3. 2nd COA, Bus. & Prof. Code § 17200
Defendants argue that Plaintiff fails to allege facts that that he has suffered monetary or property loss as a result of Defendants’ actions. See R & B Auto Center, Inc. v. Farmers Group, Inc. (2006) 140 Cal.App.4th 327, 360; Hall v. Time Inc. (2008) 158 Cal.App.4th 847, 855. Similar to the arguments as to the 1st COA, this improperly attempts to dispute Plaintiff’s factual allegations. Plaintiff’s factual allegations sufficiently allege Plaintiff suffering injury as a result of Midland’s actions.

However, as to Deutsche, Deutsche notes that Plaintiff has improperly attempted to assert vicarious liability for Midland’s actions (see FAC ¶ 33), which is improper for a Bus. & Prof. Code § 17200 claim (see, e.g., Emery v. Visa Int’l Service Ass’n (2002) 95 Cal.App.4th 952, 960 (stating that a defendant’s liability must be based on personal participation in and unbridled control over the unfair practices). Plaintiff asserts that the selection of a servicer satisfies this requirement. However, no facts are alleged as to Deutsche’s participation in, control over, or aiding and abetting the alleged unfair practices of Midland. See People v. Sarpas (2014) 225 Cal.App.4th 1539, 1563.

Therefore, the demurrer is sustained as to the 2nd COA to the extent asserted against Deutsche, and is otherwise overruled.

4. 3rd COA, Civil Code § 2923.5
Defendants argue that Plaintiff fails to allege facts supporting a violation of Civil Code § 2923.5. The Court agrees.
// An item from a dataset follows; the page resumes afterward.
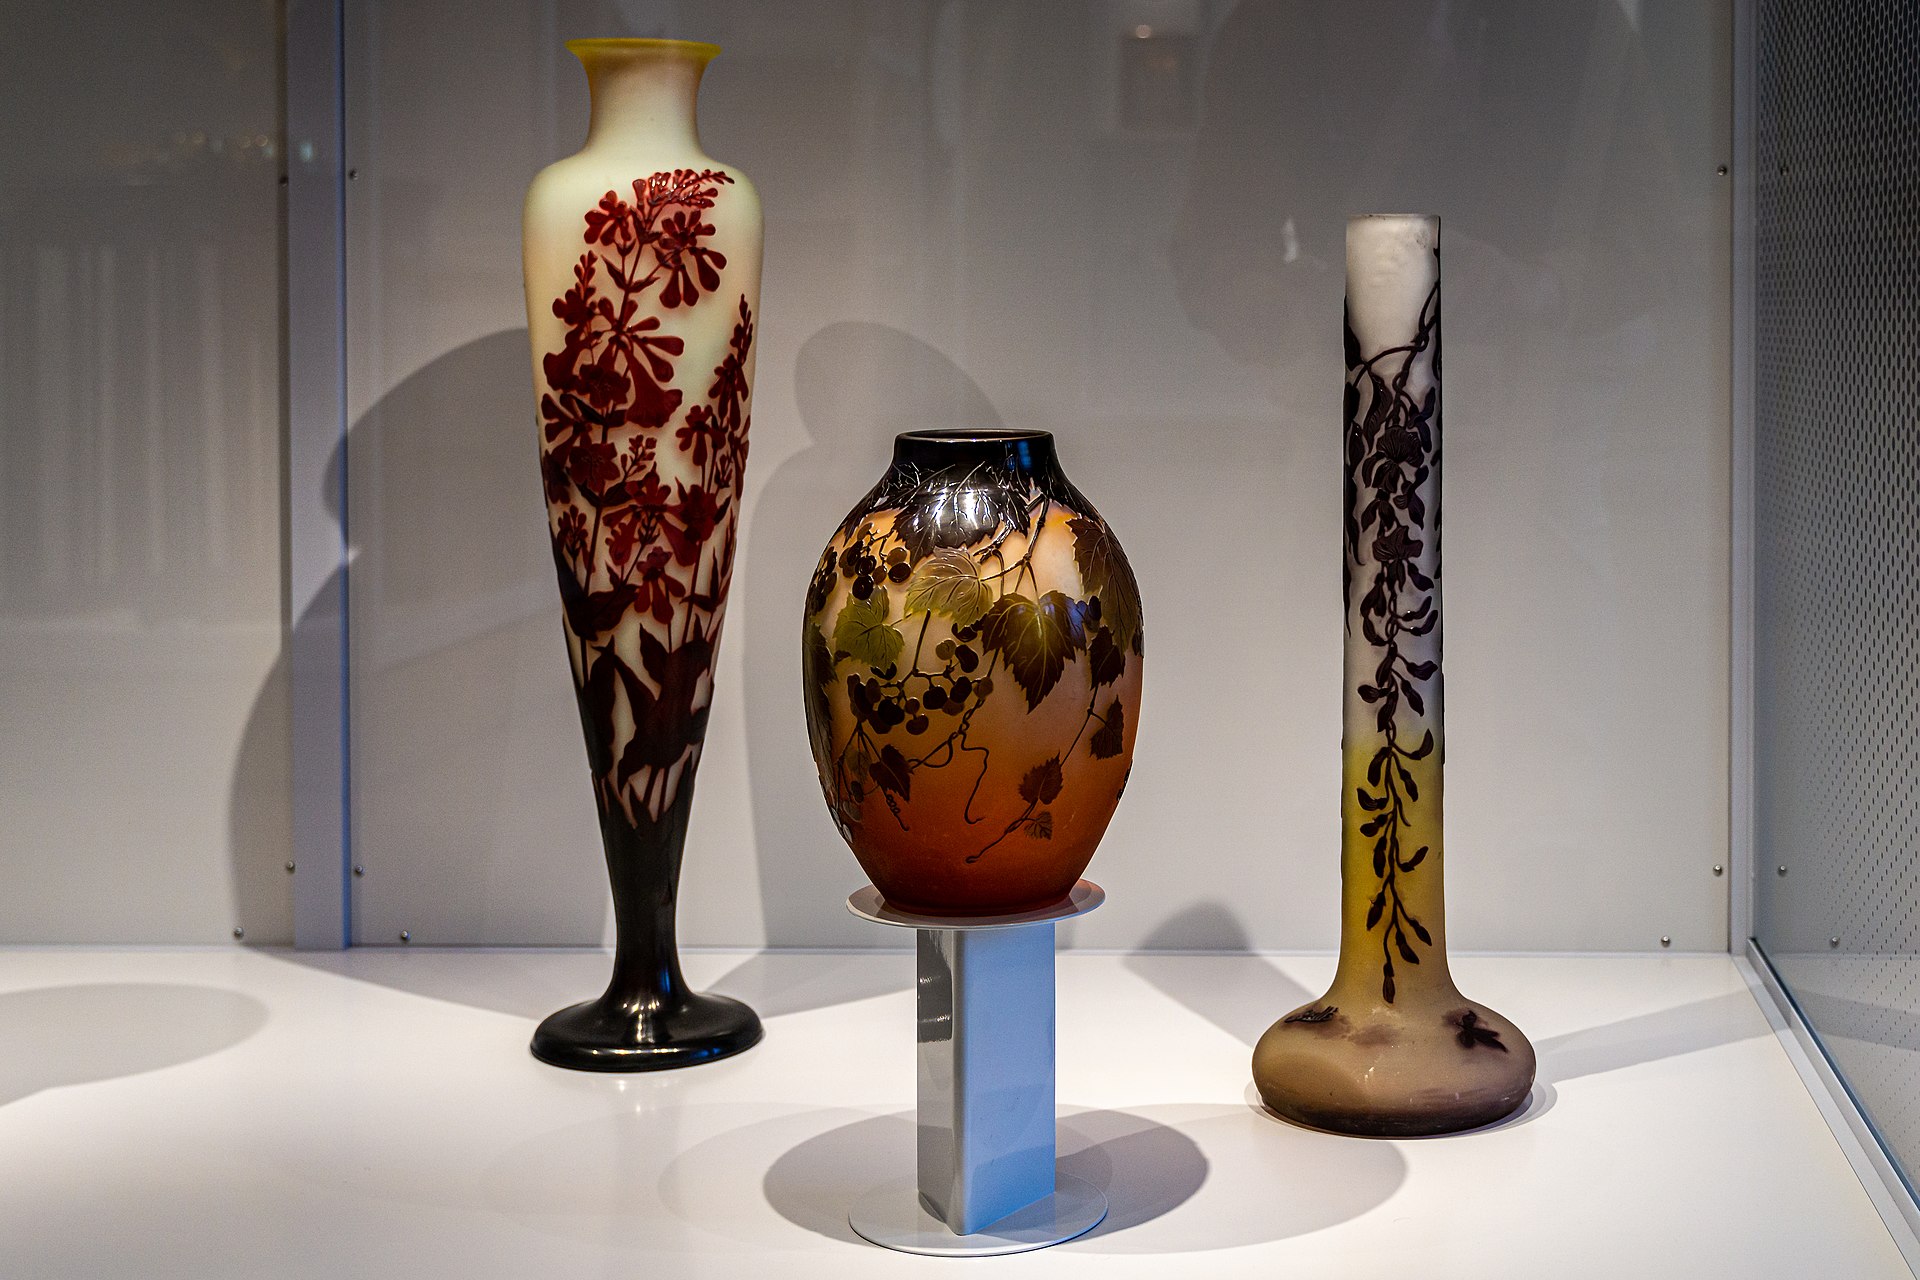 Emile Galle's art glass
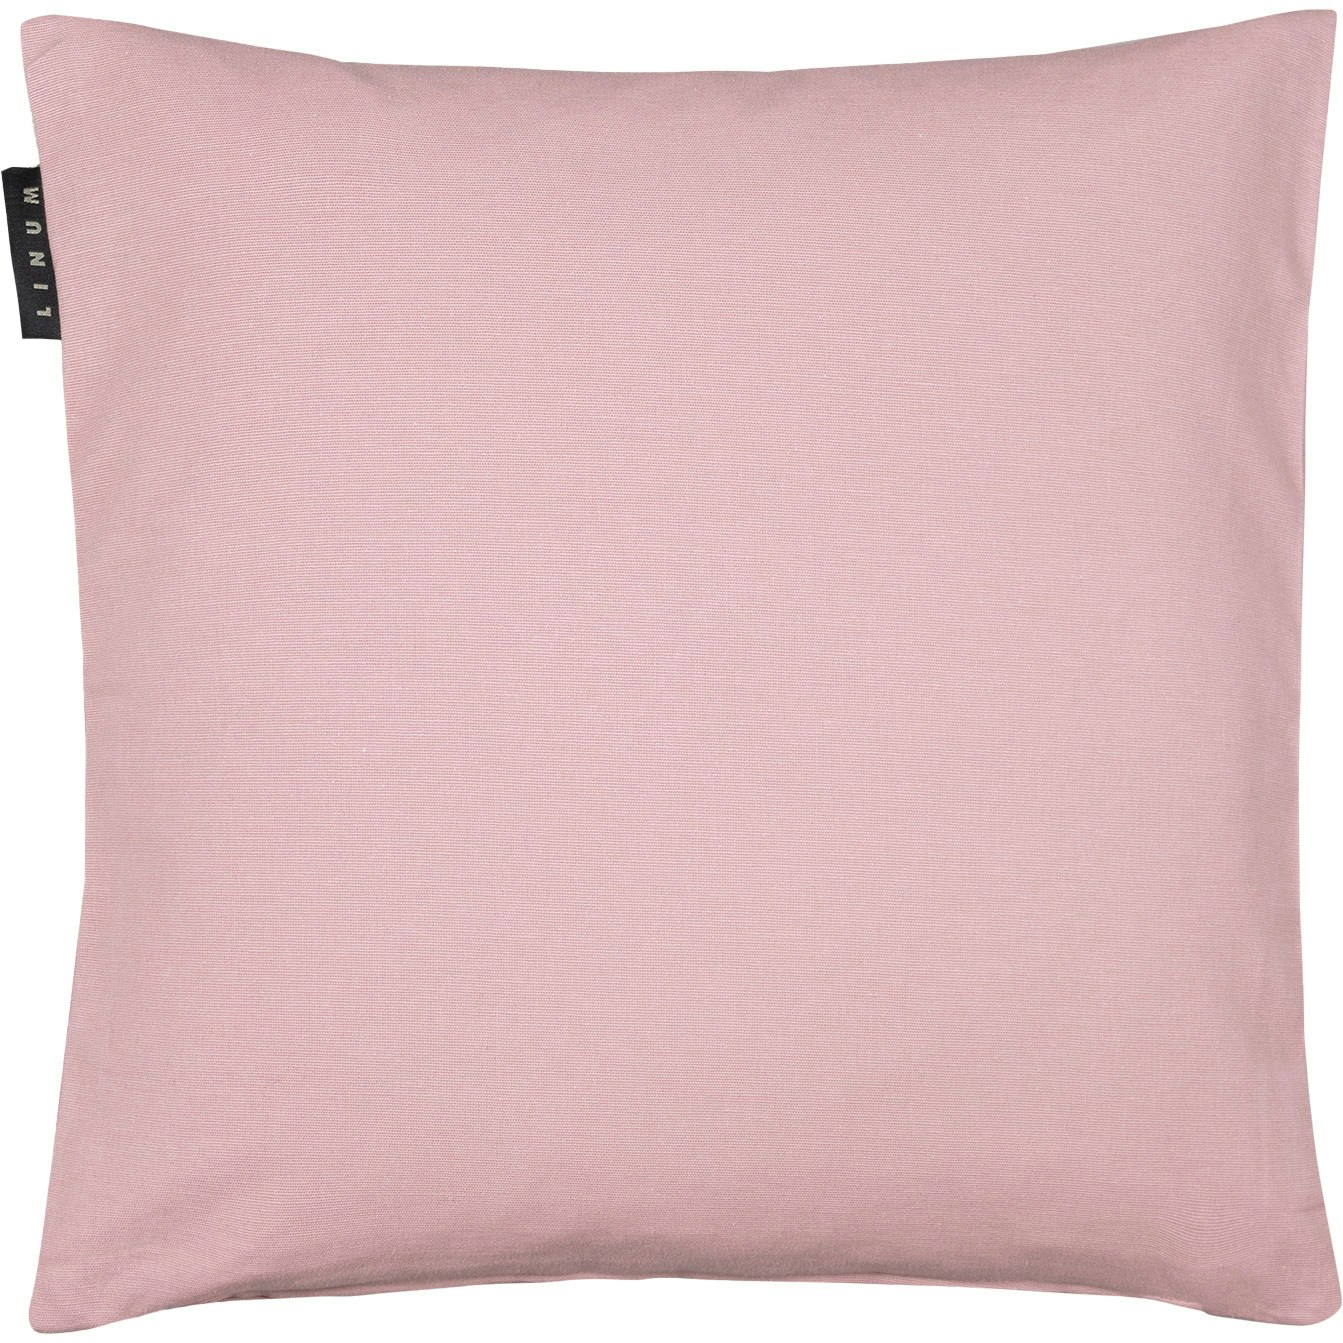 Annabelle Cushion Cover 40x40 cm, Dusty Pink

Plaintiff alleges that Defendants failed to contact Plaintiff to explore alternatives to foreclosure and challenges the attached declaration to the notice of default as being signed by a person with whom Plaintiff was never in contact. See FAC ¶¶ 22-23. However, Plaintiff’s challenge to the declaration attached to the notice of default is insufficient (see RJN Ex. E (asserting contact was made on 5/21/13)): there is no requirement that the declaration be signed by the individual who is purported to have made contact (see Mabry v. Superior Court (2010) 185 Cal.App.4th 208, 232-35). Plaintiff fails to allege any facts to address the attached declaration to the notice of default to support a violation of Civil Code § 2923.5 under the circumstances alleged in this case. Therefore, the demurrer is sustained as to the 3rd COA.

5. Ruling
The demurrer is sustained as to the 2nd COA to the extent asserted against Deutsche and as to the 3rd COA, and is otherwise overruled. Because this is the first challenge to the pleadings addressed by the Court, Plaintiff’s request for leave to amend is granted. Plaintiff to note that any amendment will be the third attempt to state a cause of action, and any successful demurrer will result in strict scrutiny as to whether further amendment is to be allowed.